I almost lost another provider. I was half-seriously toying with getting the Ricochet wireless Internet service offered by Metricom once EarthLink offered it; 128k service that even worked in a moving vehicle. At ~$75 a month (if I remember correctly), it wasn't that much more expensive than DSL (which I can't get), and I could use it anywhere in Metro Detroit. Incredibly, I read news articles about how good (if a little pricey) it was, even articles quoting ecstatic customers saying that they sometimes got even double the promised speed. But now Metricom is going out of business, taking a cool billion dollars' worth of investment money with it. They couldn't find anyone interested in buying them. Too bad. I think they had the right idea.



Friday, August 03, 2001
No deep commentary, just humor. Bob Levey of The Washington Post lists his annual best t-shirts. Update: Here's Part Two.

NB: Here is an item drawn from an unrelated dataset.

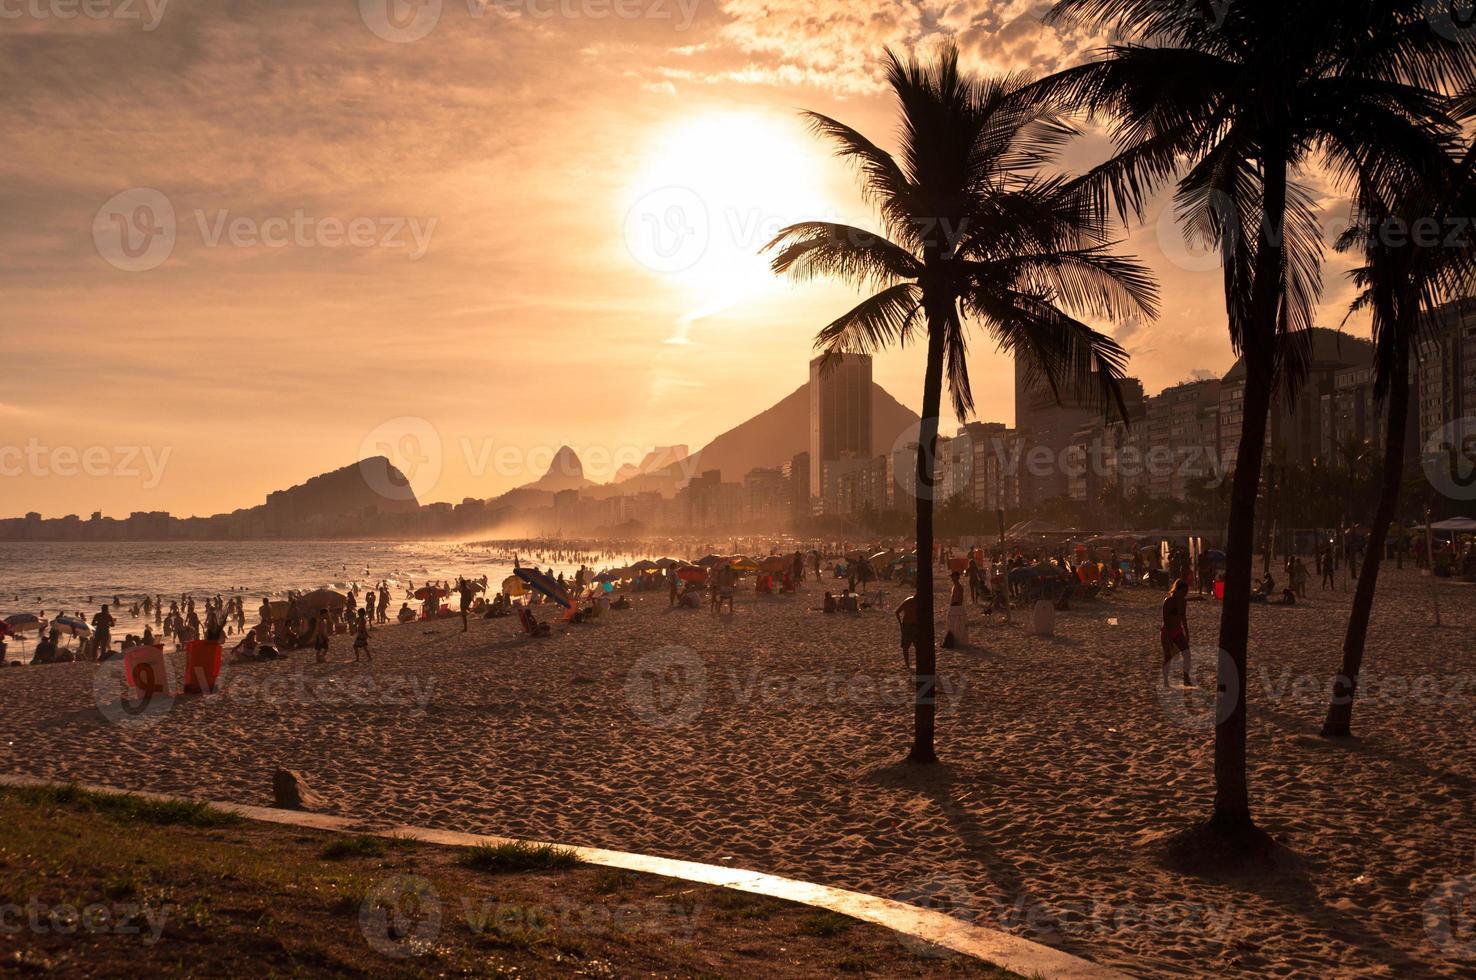 praia de copacabana ao pôr do sol foto

Copyright cops or just sleazy marketing? The Business Software Alliance (MS, Adobe, Apple, etc.) sends out ominous letters to small businesses implying that they're about to knock on the door and conduct a search. Not likely when you consider that they're sending out 700,000 letters. It's basically just a way to sell more software. Of course, those radio ads that encourage disgruntled employees to turn in their employers are a nice touch. As is demanding that IT managers conduct audits.